NOTE: The definition is not one of control.....it is a simple was it on a lead or not...and if not, it can be shot.
Now the animal behaviour bit!
Bovines (cows) can show two sets of behaviour - both can be dangerous but for different reasons. They can be curious (whats that dog doing in our field?) and may approach or can be aggressive (that dog is threatening my calf......KILL...).
If you are in a field with cows and calves, do not get between the cows and the calves and, if you havent already done it, be prepared to slip the leash off the dog. If the cows do attack - you will know if they do - they will always go for the dog. Leave cows and dog to it. Let the dog take its chances and exit the field. Cows in this position will only stop attacking when they are sure there is no further threat to their calf. This makes them more dangerous than a bull! Getting a dog between cows and calves will provoke an attack. If you get in the way, you will get hurt or be killed. Your dog...if it has any sense at all, will exit the field by the nearest hole in the hedge!
The danger from the curious bovine (as Paddy put it) is because they are mighty curious and a touch clumsy.....so be prepared to slip your dog off its leash to distract them. Another option (if you have no dog) is to stand rock still....wait to be sniffed, maybe licked () and then walk quietly on. Think equal reactions -if you are quiet and calm, then they will be. Jump around and scream......

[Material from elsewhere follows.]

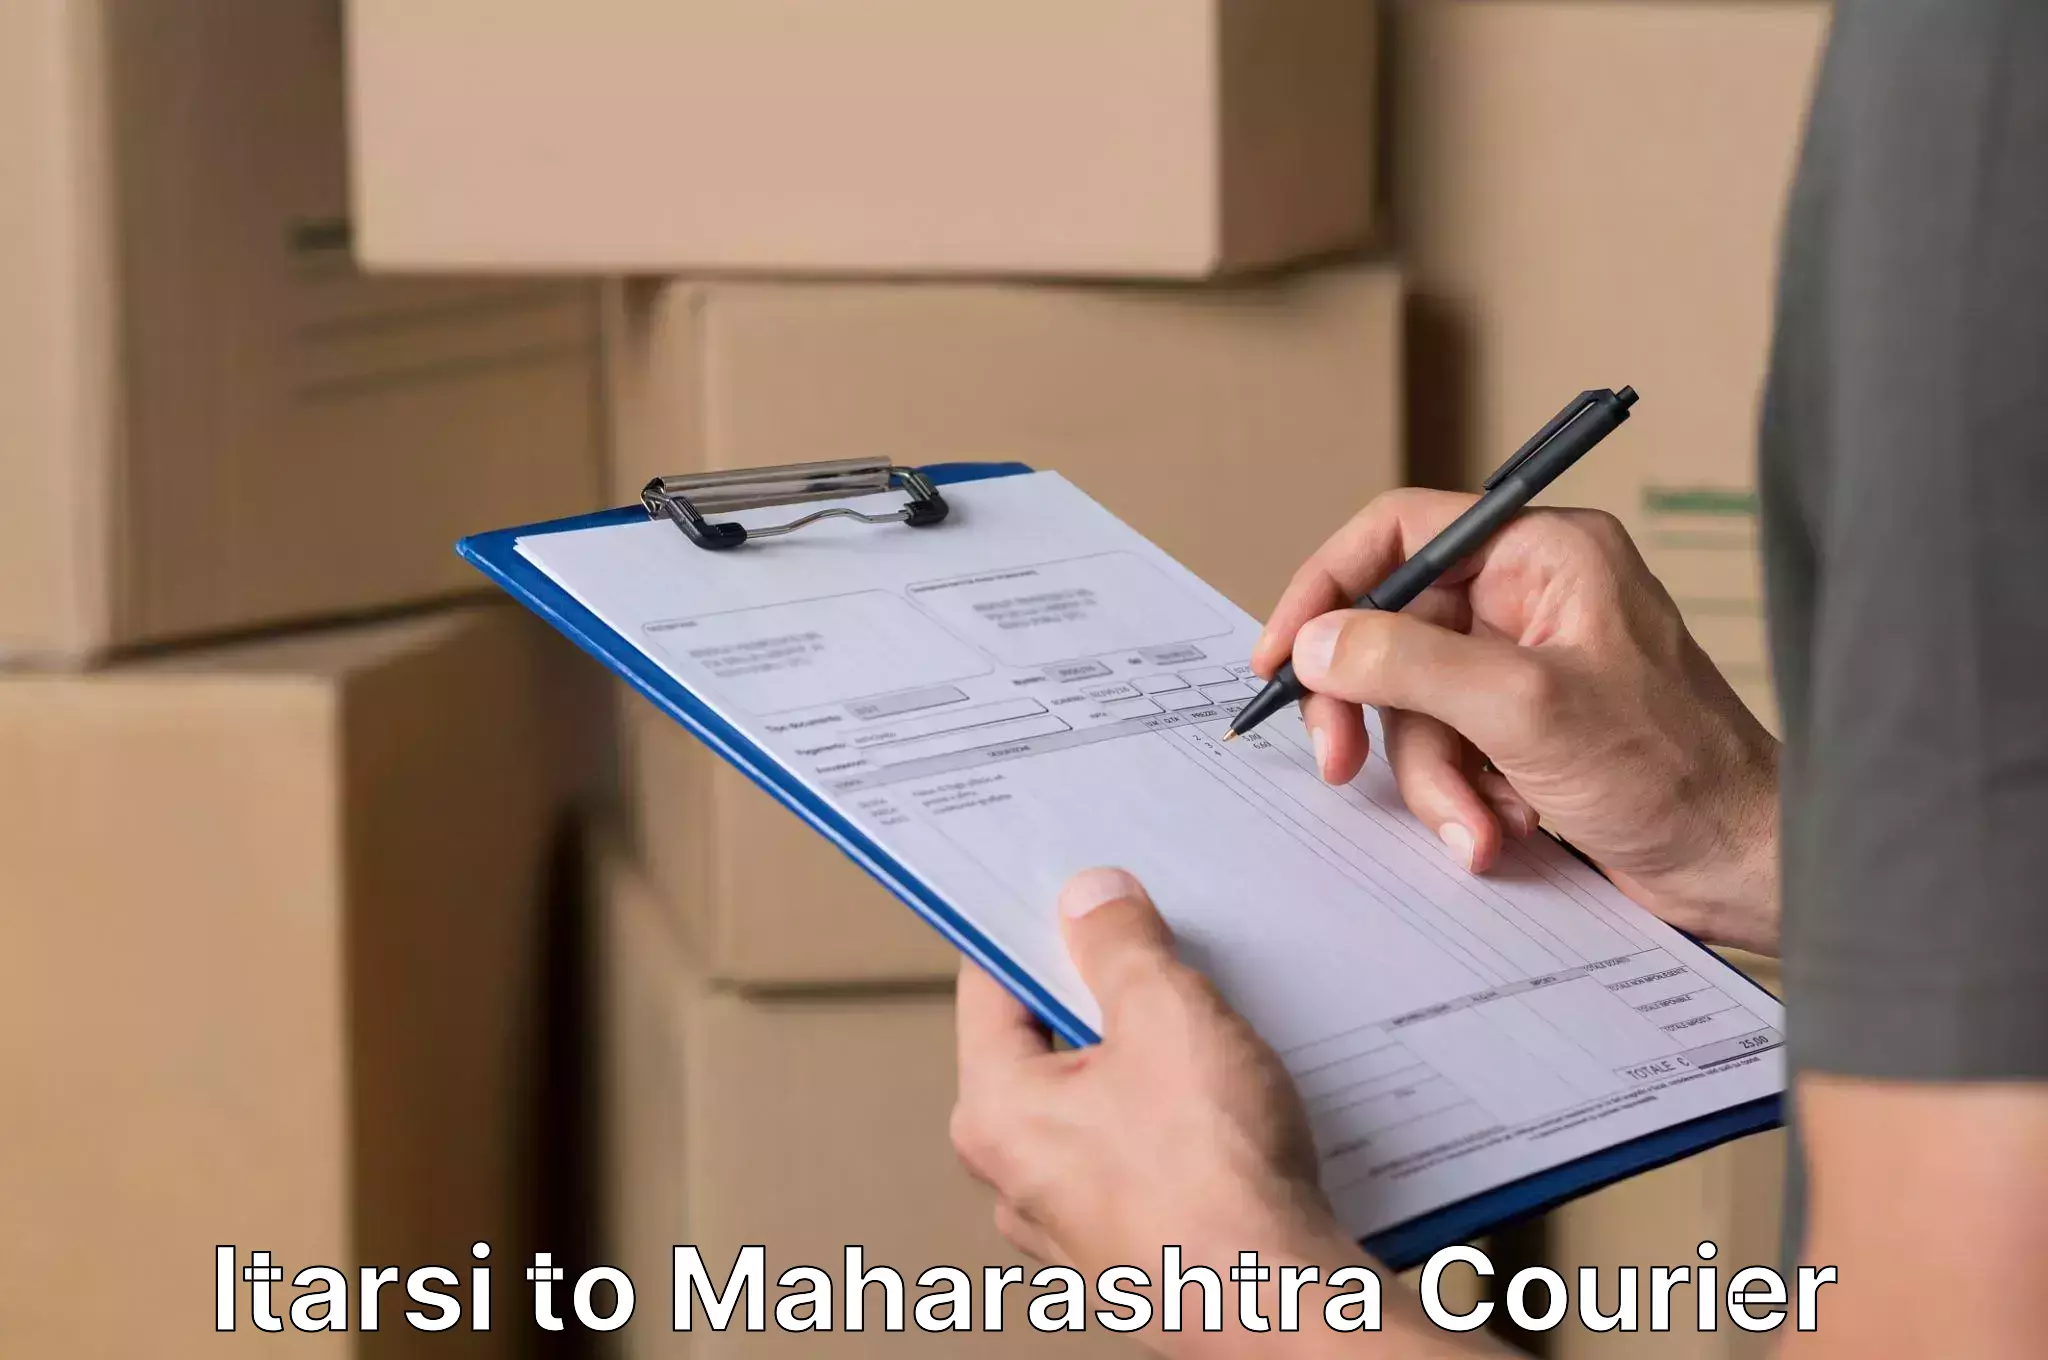 Furniture transport company Itarsi to Maharashtra

Sheep. Sheep are trouble, especially coming up to lambing time. All a dog has to do is run around a field to provoke panic and a stampede in a flock. Apart from the physical injuries to the sheep, pregnant ewes can spontaniously abort their lambs up to 48 hours after a stampede. When in a field with sheep......keep your dog on its lead. No exceptions.
ok, just my experience then... but my family have had cocker spaniels for the last four generations, and they may behave differently. we've never had a problem with cows - they amble over to have a sniff, and the cockers sniff back, and we all wander off our separate ways.
not anthropomophism hugh, just a few generations' experience based on one breed of dog alone.
Simon Barry wrote (see)
Of course! As I said, my concern is only about cows.
I agree with Simon about dogs worrying livestock.. My bulldog's encounter with the bullocks was my fault and never repeated because I made a point of putting his and his successors' leads on whenenever they might meet any, but I then made sure we didn't get into any fields with cattle. I had to put them on leads for horses too.
I think that this thread has shown that the bullbreeds (mine and Ray's) act one way, spaniels another and other unspecified breeds run away. Peewiglet will need to establish how her terrier reacts before she can choose the best strategy.
Frum wrote (see)
I hope mine will be one of the 'smile first, and if necessary run away' breeds!